In 2000, there were 341 workers who commuted into the municipality and 890 workers who commuted away. The municipality is a net exporter of workers, with about 2.6 workers leaving the municipality for every one entering. About 12.6% of the workforce coming into Genthod are coming from outside Switzerland, while 0.1% of the locals commute out of Switzerland for work. Of the working population, 11.5% used public transportation to get to work, and 72.4% used a private car.

==Religion==
From the 2000 census, 706 or 32.5% were Roman Catholic, while 542 or 25.0% belonged to the Swiss Reformed Church. Of the rest of the population, there were 31 members of an Orthodox church (or about 1.43% of the population), there were 6 individuals (or about 0.28% of the population) who belonged to the Christian Catholic Church, and there were 64 individuals (or about 2.95% of the population) who belonged to another Christian church. There were 22 individuals (or about 1.01% of the population) who were Jewish, and 82 (or about 3.78% of the population) who were Islamic. There were 10 individuals who were Hindu and 8 individuals who belonged to another church. 478 (or about 22.02% of the population) belonged to no church, are agnostic or atheist, and 222 individuals (or about 10.23% of the population) did not answer the question.

==Education==
In Genthod about 584 or (26.9%) of the population have completed non-mandatory upper secondary education, and 585 or (26.9%) have completed additional higher education (either university or a Fachhochschule). Of the 585 who completed tertiary schooling, 35.6% were Swiss men, 25.8% were Swiss women, 22.7% were non-Swiss men and 15.9% were non-Swiss women.

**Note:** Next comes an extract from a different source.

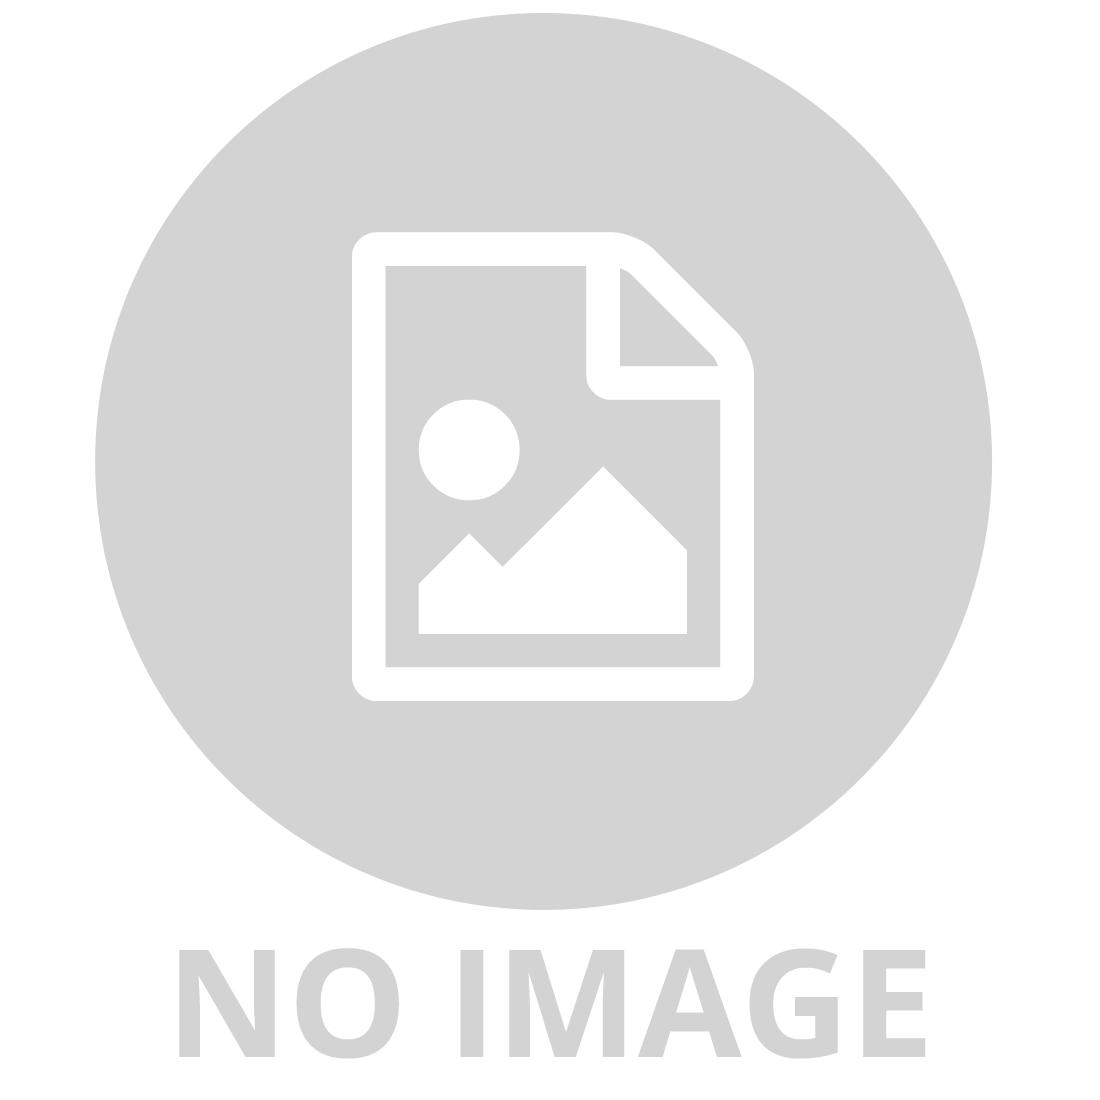 ROYAL 500 PLAYING CARD GAME

During the 2009-2010 school year there were a total of 635 students in the Genthod school system. The education system in the Canton of Geneva allows young children to attend two years of non-obligatory Kindergarten. During that school year, there were 44 children who were in a pre-kindergarten class. The canton's school system provides two years of non-mandatory kindergarten and requires students to attend six years of primary school, with some of the children attending smaller, specialized classes. In Genthod there were 84 students in kindergarten or primary school and 21 students were in the special, smaller classes. The secondary school program consists of three lower, obligatory years of schooling, followed by three to five years of optional, advanced schools. There were 84 lower secondary students who attended school in Genthod. There were 104 upper secondary students from the municipality along with 18 students who were in a professional, non-university track program. An additional 127 students attended a private school.

As of 2000, there were 138 students in Genthod who came from another municipality, while 311 residents attended schools outside the municipality.

The Geneva English School (GES), a private school, is in Genthod.